Sudah satu minggu ini saya tinggal di desa Sungai Angek, Agam, Sumatera Barat, di rumah teman saya Devi. Rumah Devi terletak di tengah persawahan yang luas, yang disekitar desanya dikelilingi perbukitan dengan hutan yang masih sangat hijau dan liar. Saking masih liarnya hutan tersebut, ketika siang hari pun kita masih bisa mendengar suara-suara siamang liar dan kicauan burung beraneka ragam. Sesuatu yang mustahil bisa kita alami di Jogja. Masyarakat di daerah ini meskipun sudah modern, masih memperhatikan dan menjaga alam sekitar dengan baik. Hutan benar-benar dijaga dengan baik dan hewan-hewan liar di dalamnya terlindungi dari perburuan liar. Terkadang saya menghabiskan waktu berjalan kaki mengitari desa ini sekedar mencuci mata melihat indahnya pemandangan dan aktivitas masyarakat sehari-hari.
Pada suatu pagi Devi mengajak kami bertualang ke sebuah gua yang berada di desanya. Tawaran yang sangat menggiurkan, saya merasa sangat excited. Tak disangka di jajaran perbukitan di desanya terdapat gua yang jarang sekali dijelajahi alias masih agak perawan. Terkadang memang ada wisatawan asing yang datang ke sini untuk menjelajahi gua tetapi hanya sedikit. Gua tersebut diberi nama gua nan panjang karena panjangnya mencapai 4km. What? 4 km? panjang sekali. Gua nan panjang sebenarnya adalah sungai panjang yang berada di perut bukit simarasok. Sungai tersebut dinamakan sungai batang agam. Gua ini memang belum dibuka untuk wisata, tetapi sehari-hari masyarakat sekitar pergi ke gua ini untuk menambang pasir dan mencari sarang burung walet menggunakan sampan kayu kecil. Kami dipandu oleh uda datuk, saudara sepupu Devi. Walaupun masih muda,ia adalah salah seorang datuk di simarasok. Menurut cerita uda datuk gua ini memakan tumbal nyawa manusia setiap tahun. Ada yang meninggal karena tenggelam tidak bisa berenang, ada pula yang kehabisan nafas. Bulu kuduk saya merinding mendengar ceritanya. Tetapi saya tetap penasaran ingin menjelajahi bagian gua ini.

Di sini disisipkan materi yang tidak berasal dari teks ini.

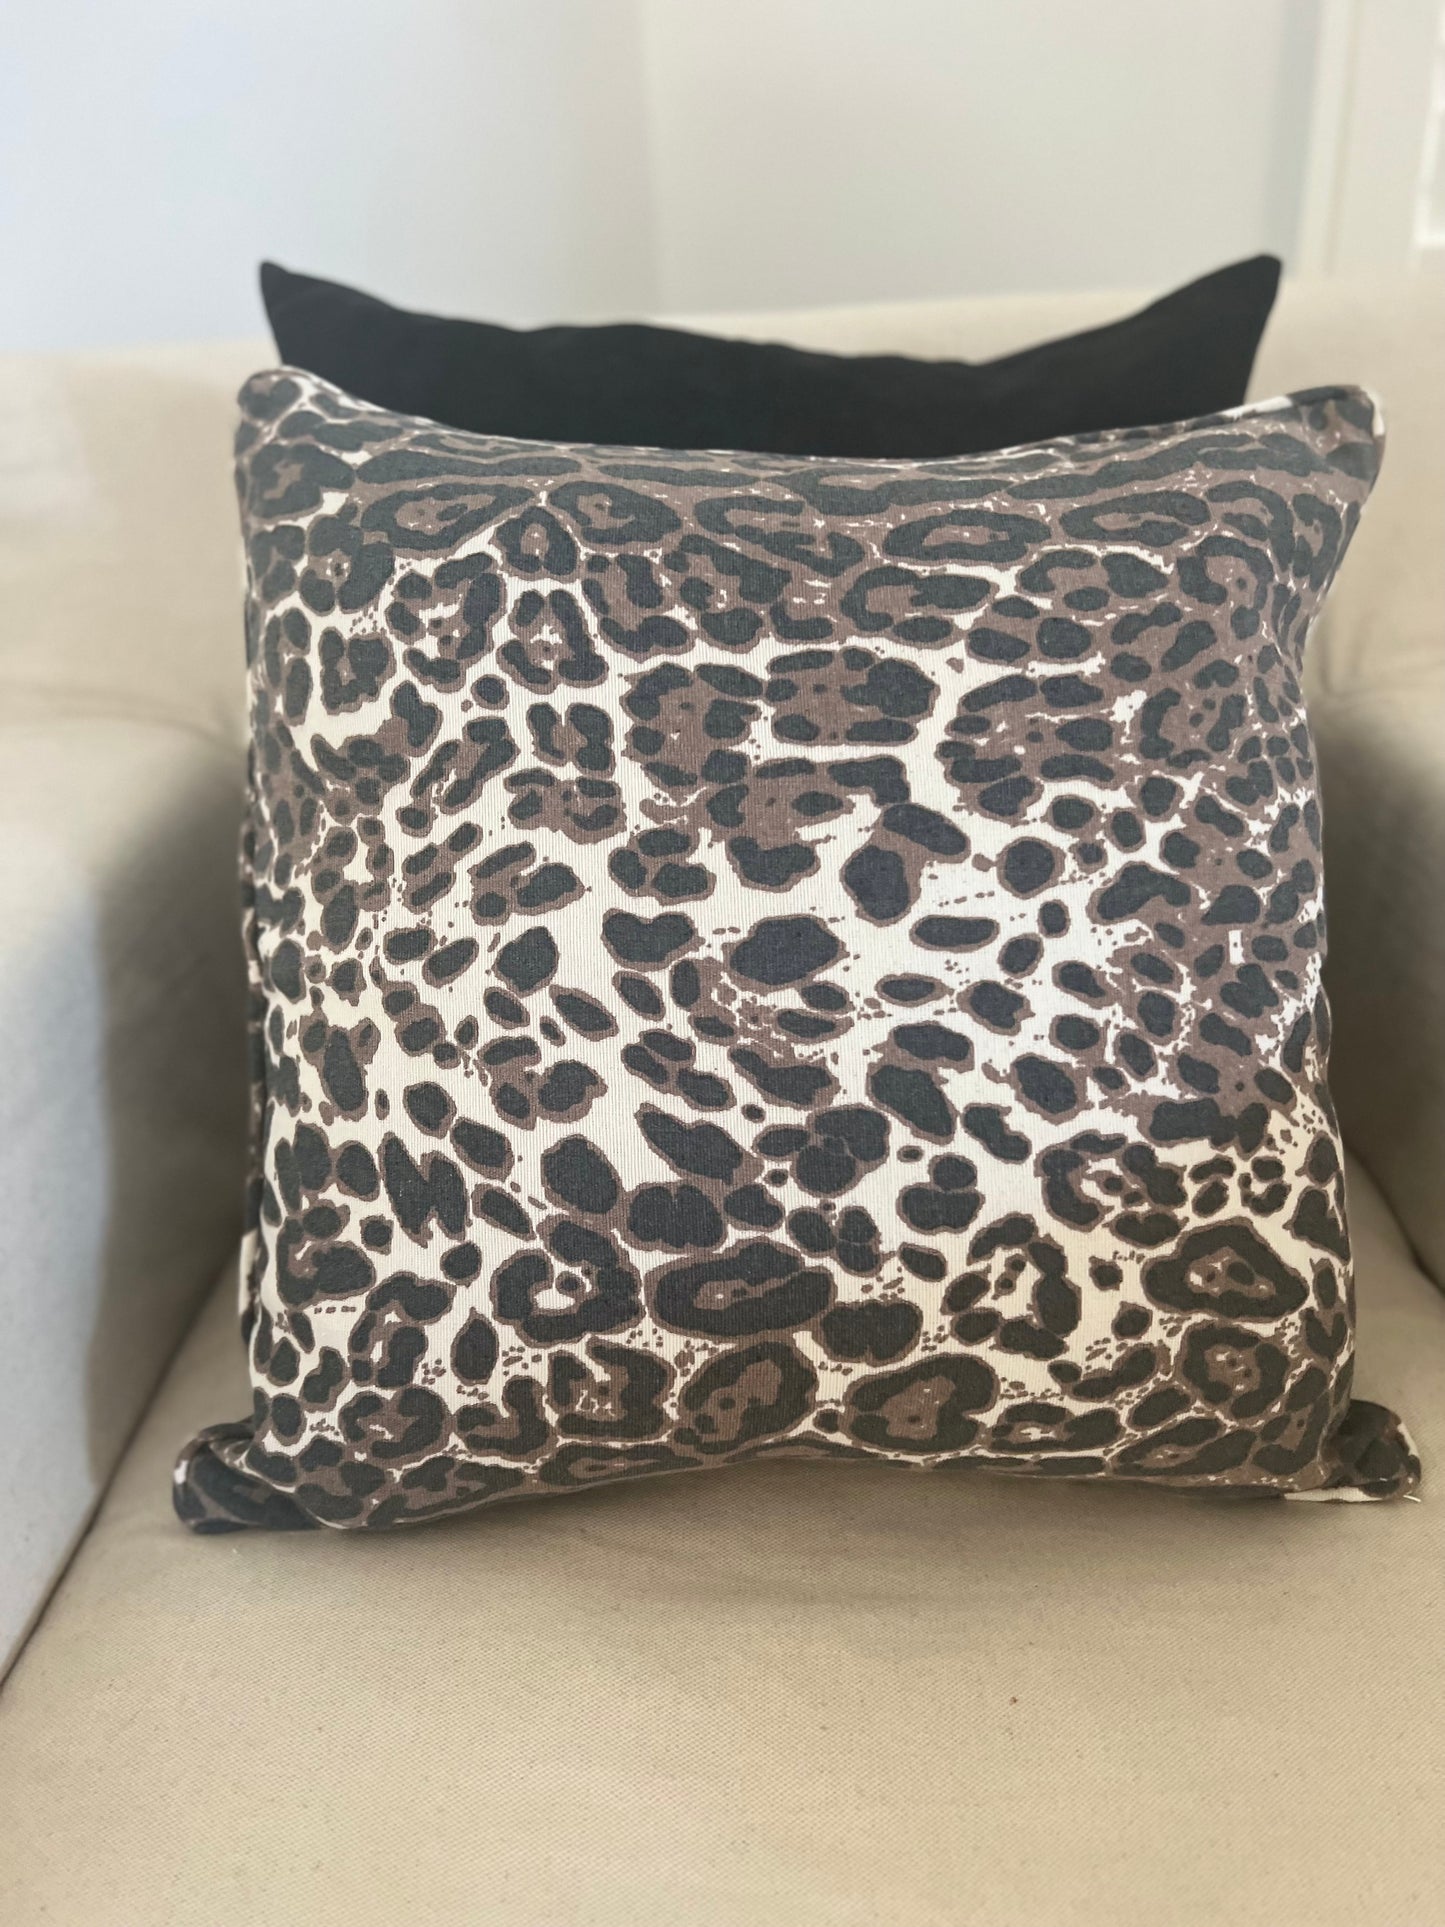 Big Cat Black and White cushion cover

Masuk ke dalam gua, kami langsung disuguhkan pemandangan indah dinding-dinding gua yang berkilauan. Satalagtit dan stalagmit yang cukup besar. Bahkan ada stalagtit besar yang berbentuk seperti kubah masjid di dinding atas gua. Di tengah-tengah air terkadang ada stalagtit atau batu besar yang menjulang dari bawah. Harus benar-benar hati-hati mendayung sampan supaya tidak tersangkut batu. Di beberapa sisinya stalagtit dan stalagmit di gua ini terlihat seperti tumpukan besar batu permata. Rasanya ingin membawanya pulang. Saya cuma melongo melihat keindahannya.Sayangnya karena hanya membawa dua kamera poket, gambar yang kami dapat tidak maksimal.
200 meter menyusuri gua sampailah kami di sumber air panas yang keluar diantara dinding-dinding gua. Kami turun dari sampan lalu berjalan kaki beberapa meter. Sumber air panas tersebut membentuk mata air tersendiri di dalam gua. Airnya hangat suam-suam kuku. Tampaknya gua di perut bukit ini mengandung cukup banyak sulfur. Terkadang penduduk setampat pergi ke sumber air panas ini karena airnya dipercaya bisa menyembuhkan penyakit kulit.
Setelah lama beristirahat di sini, kami kembali berjalan ke sampan. Sebenarnya saya penasaran ingin tahu lebih jauh bagian gua ini, tetapi karena kami benar-benar orang biasa yang sangat amatir dengan peralatan seadanya, kami memutuskan untuk kembali. Menurut saya, karena gua ini bukan merupakan gua non wisata dan masih sangat perawan, hanya expert caver saja yang bisa menjelajahi sampai ke dalam-dalamnya. Jika anda termasuk penyuka caving dan penasaran dengan gua-gua yang jarang dijelajahi, coba saja jelajahi goa yang panjangannya 4 km ini.
ihhh keren banget nih gua … bisa menjelajah gua naik sampan.
rumah di depan pintu masuk bikin tampilan jadi unik . beda dengan gua2 lainnya
Tapi sampai sekarang belum terkenal nih goa ..
Rumahnya itu kayaknya pos bersama orang-orang yang nambang pasir dan nyari sarang burung walet. Kayaknya emang ga terkenal sampai sekarang, ga tau sengaja ga dikenalkan apa ga hehehe.